My workout takes two hours. The first hour is stretching and a sit-up routine, half of which is staring at the ceiling daydreaming, thinking of Miami Beach, my boyfriend, my liver. I also do leg lifts and side curls. I start off slowly but do them over and over. My trainer told me to watch myself in the mirrors that line the wall to make sure I keep good form and don't strain. I get too self-conscious, though. The good thing about the mirrors is that you can watch other guys working out without their knowing you're watching. A lot of guys watch themselves -- pose and flex and huff and puff. It reminds me of a French Quarter disco in the late '70s, where, in the afternoon, drag queens would dance in front of the mirror. They'd be lip-syncing and practicing their steps, getting their routines together.
I ride the exercycle to get my blood flowing and build stamina. I watch the four TVs hanging from the ceiling as I ride and watch the other people doing cardio. I see the guys I'm in love with, the ones I'd have sex with in a second. I see other guys out of shape, some fat, some skinny, some OK -- or just not perfectly toned or muscular. We look at each other and look away.
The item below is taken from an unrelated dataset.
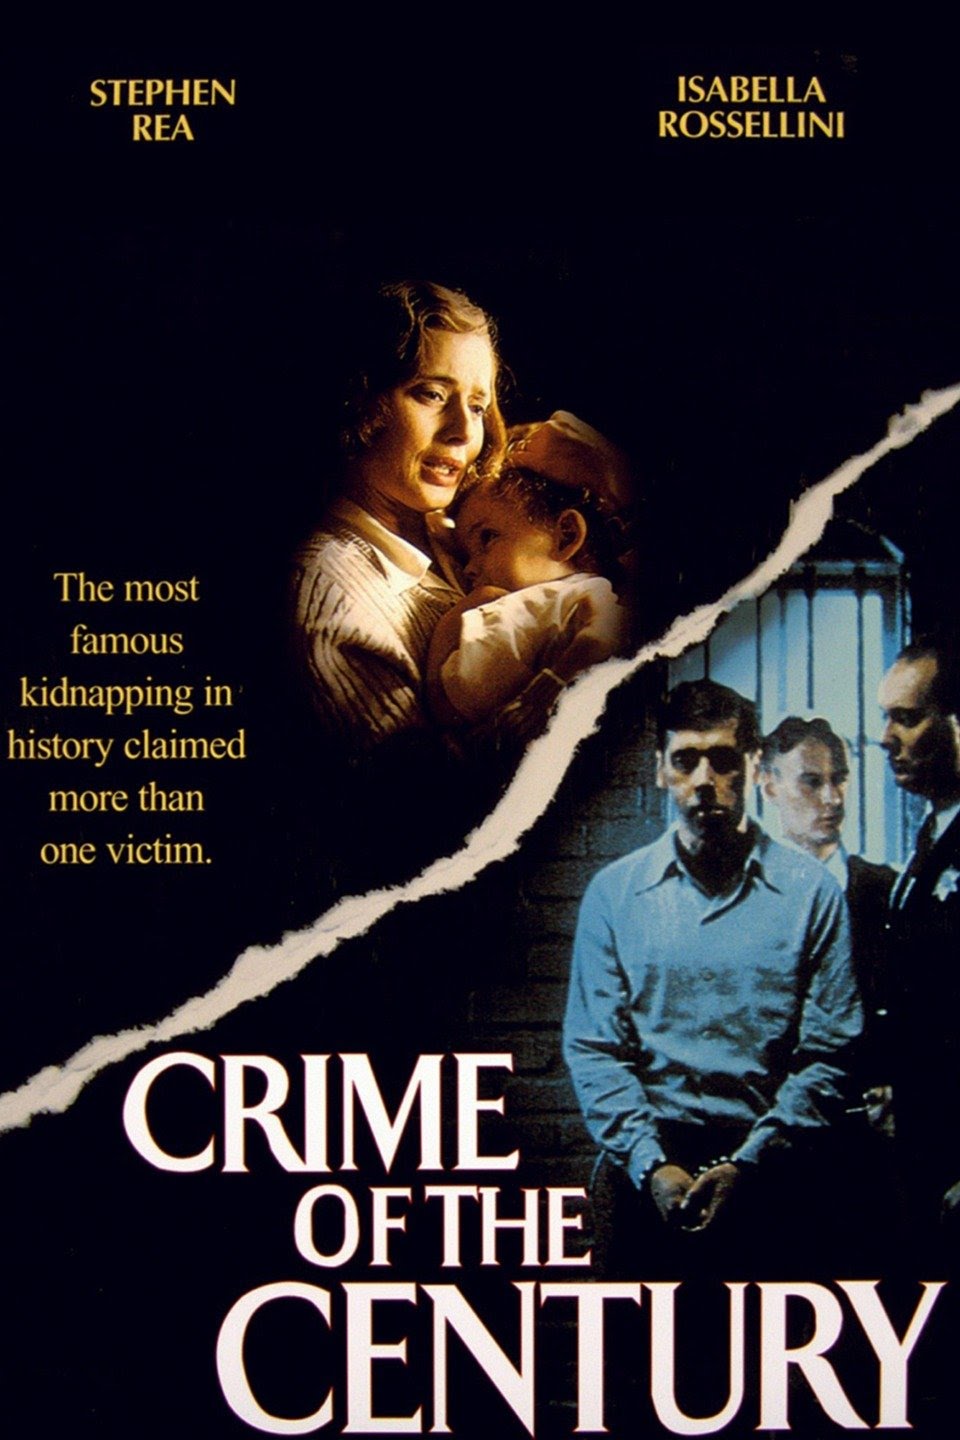 Crime of the Century Dvd (1996)

The second half of the workout is for strength training. Sometimes when I'm pumping the machines I feel strong and muscular. Then I catch myself in the mirror and get embarrassed. How can I go to the same gym as these sexy guys? But I do. I plop myself in the middle of it. Put myself in an environment that will make me try harder. Find an uncomfortable situation and stay there until I'm comfortable. "Stick with the winners."
Don't get me wrong. I like muscle. I even like attitude up to a point. And I certainly like being surrounded by big, beefy men who feel good about themselves. I'd like to be surrounded by some big, beefy men and get a good feel.
The steam room? I don't go there. I'm too ashamed of my body -- especially the Hickman catheter that I had in my chest for three years. It's out now but sometimes it feels like it's still there: a phantom Hickman. Like when your arm has been cut off and you still try to use it. Or your best friend dies and you still want to call him on the phone 10 years later to say something funny.
I save my favorite machines for last. I get instant gratification from the work I do on my shoulders. I could pump and pump my chest, butt, legs and no one would notice, but my shoulders pump up right away. I wear sleeveless t-shirts and everyone says, "Joe, you look so good. Have you been working out?"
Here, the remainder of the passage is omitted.